Two more logs attached to avoid spamming. Interestingly enough, the FTL log on pi stops shortly before 5PM. It appears to still be running/responding.

If possible, how does one revert to the last release?

I could roll one Pi back and leave the other for testing.

They both crashed again at the same time. Down to the second

Didn't quite make it six hours.

pis lasted six hours.txt (9.8 KB)

[edit] - I have reverted FTL to v5.8.1 on a single Pi3b. Hopefully this lasts overnight and the mixed pi-hole/adminlte/ftl does not break anything.
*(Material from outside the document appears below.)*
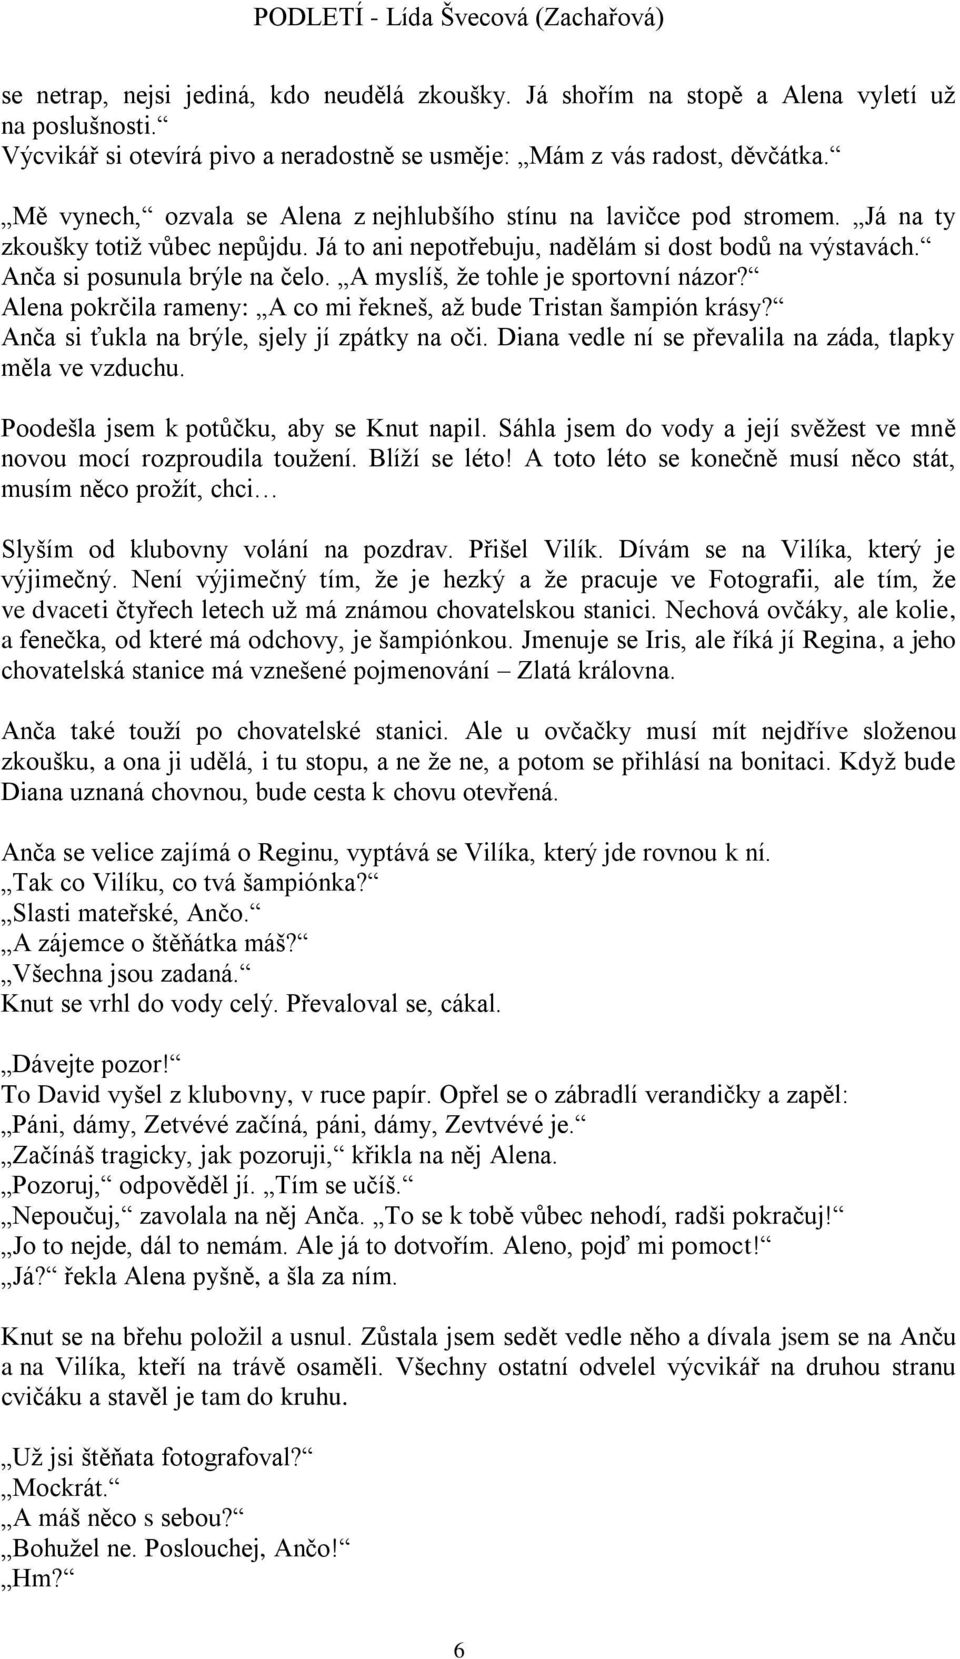 PODLETÍ - Lída Švecová (Zachařová) - PDF Stažení zdarma

That they crash the very same second is suspicious. Probably the time of a specific query or a loop maxxed out or some network broadcast like RA. Do the query logs (and also FTL logs) show anything suspicions (or a large amount of queries) before the crash?

FTL itself crashes with a segmentation fault. To track down the backtrace I think we need @DL6ER.

This is a known bug we inherited from dnsmasq. It is currently under active investigation by the maintainer Simon Kelley. We track this here:

https://github.com/pi-hole/FTL/issues/1166#issuecomment-920968209

where also some technical background is given. When you also check out my mail to the mailing list (link included over there), you'll see that this is very complex issue deep inside dnsmasq.

For now, you'd need to remove any custom IPv6 configuration like

server=/netflix.com/#
address=/netflix.com/::

etc. to avoid the crash from happening.

As soon as we have a bug fix available, I'll immediately set up a custom testing branch for FTL.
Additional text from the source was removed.